Tutorial: intrinsic distribution
In this tutorial you will learn:
How to find a intrinsic distribution from data with asymmetric error bars and upper limits
How to use UltraNest
How to test whether there are two sub-populations
Lets say we want to find the intrinsic velocity dispersion given some noisy data points.
Our data are velocity measurements of a few globular cluster velocities in a dwarf galaxy.
import numpy as np
# velocity dispersions of dwarf galaxies by van Dokkum et al., Nature, 555, 629 https://arxiv.org/abs/1803.10237v1
values = np.array([15, 4, 2, 11, 1, -2, -1, -14, -39, -3])

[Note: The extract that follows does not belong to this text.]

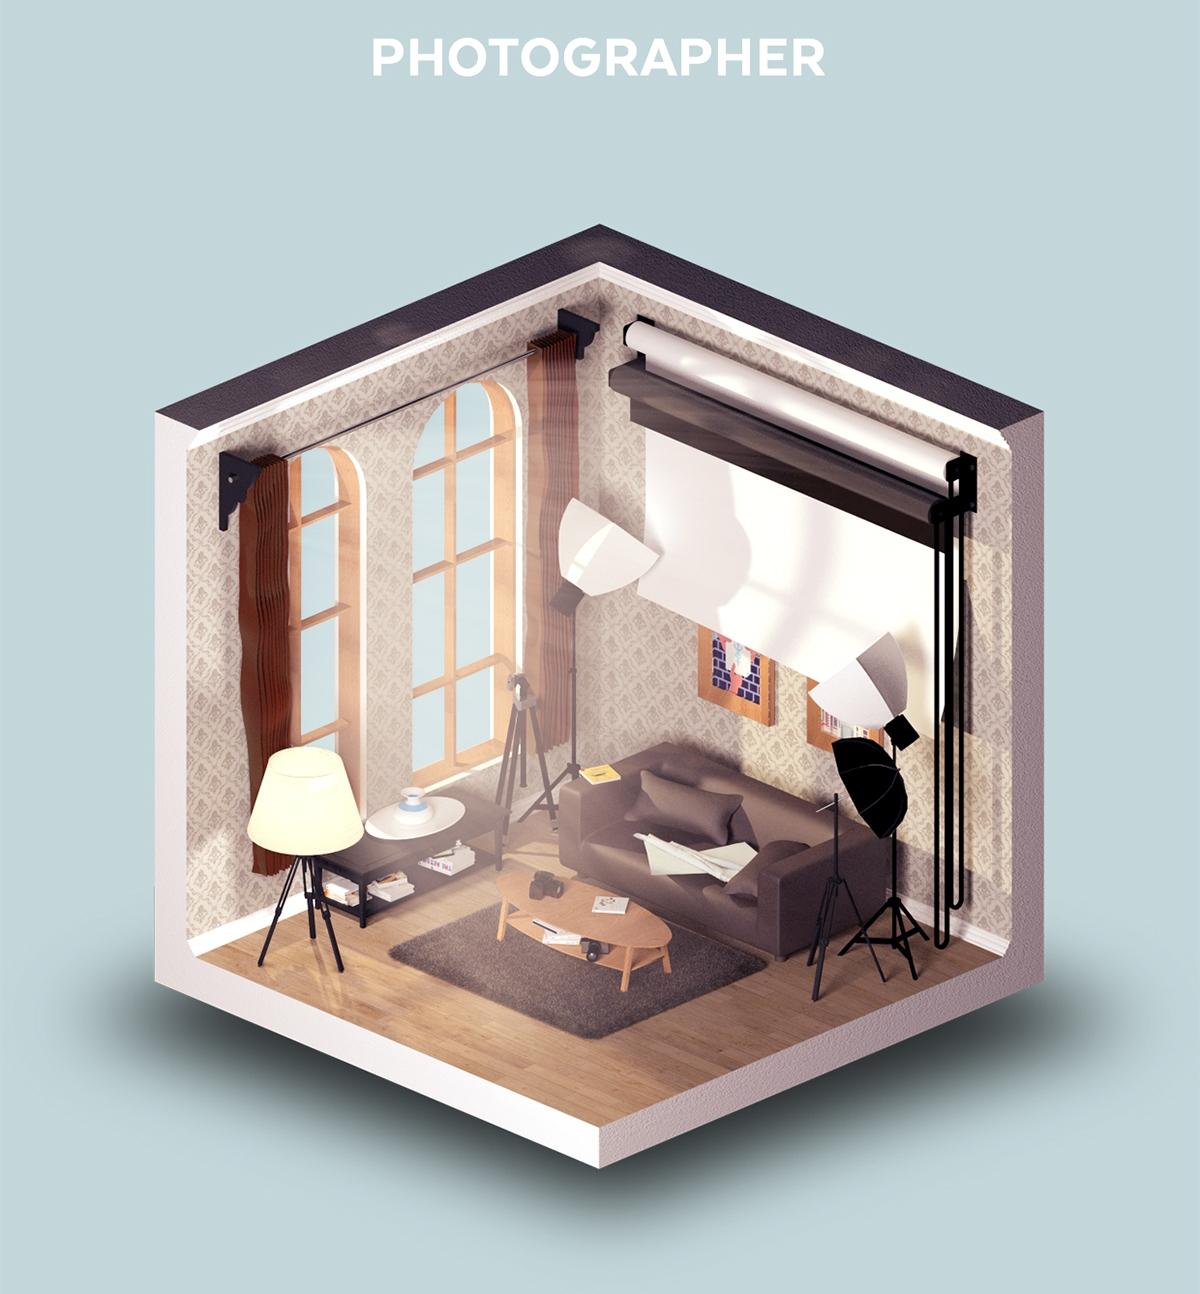 04-Room-of-a-Photographer-Petr-Kollarcik-Digital-Interiors-Design-and-Modern-Nomads-illustrations-www-designstack-co

values_lo = np.array([7, 16, 6, 3, 6, 5, 10, 6, 11, 13])
values_hi = np.array([7, 15, 8, 3, 6, 6, 10, 7, 14, 14])
n_data = len(values)
Visualise the data
Lets plot the data first to see what is going on:
%matplotlib inline
import matplotlib.pyplot as plt
xlabel = 'Velocity [km/s]'
plt.errorbar(x=values, xerr=[values_lo, values_hi], y=range(n_data),
marker='o', ls=' ', color='orange')
plt.xlim(-50, 50);
Data properties
This scatter plot shows:
large, sometimes asymmetric error bars
intrinsic scatter
Resampling the data
We could also represent each data point by a cloud of samples. Each point represents a possible true solution of that galaxy.
samples = []
for i in range(n_data):
# draw normal random points
u = np.random.normal(size=400)
v = values[i] + np.where(u < 0, u * values_lo[i], u * values_hi[i])
samples = np.array(samples)
# for each galaxy, plot alittle cloud with its own colors
plt.violinplot(samples.transpose(), vert=False, showextrema=False)
Lets fit a intrinsic, gaussian distribution.
The model has two unknown parameters:
the mean \(\mu\)
the scatter \(\sigma\)
Lets write down prior ranges for these parameters:
parameters = ['mean', 'scatter']
def prior_transform(cube):
# the argument, cube, consists of values from 0 to 1
# we have to convert them to physical scales
params = cube.copy()
# let slope go from -3 to +3
lo = -100
hi = +100
params[0] = cube[0] * (hi - lo) + lo
# let scatter go from 1 to 1000
lo = np.log10(1)
hi = np.log10(1000)
params[1] = 10**(cube[1] * (hi - lo) + lo)
return params
Define the likelihood, which measures how far the data are from the model predictions. More precisely, how often the parameters would arise under the given parameters.
import scipy.stats
def log_likelihood(params):
# unpack the current parameters:
mean, scatter = params
# compute the probability of each sample
probs_samples = scipy.stats.norm(mean, scatter).pdf(samples)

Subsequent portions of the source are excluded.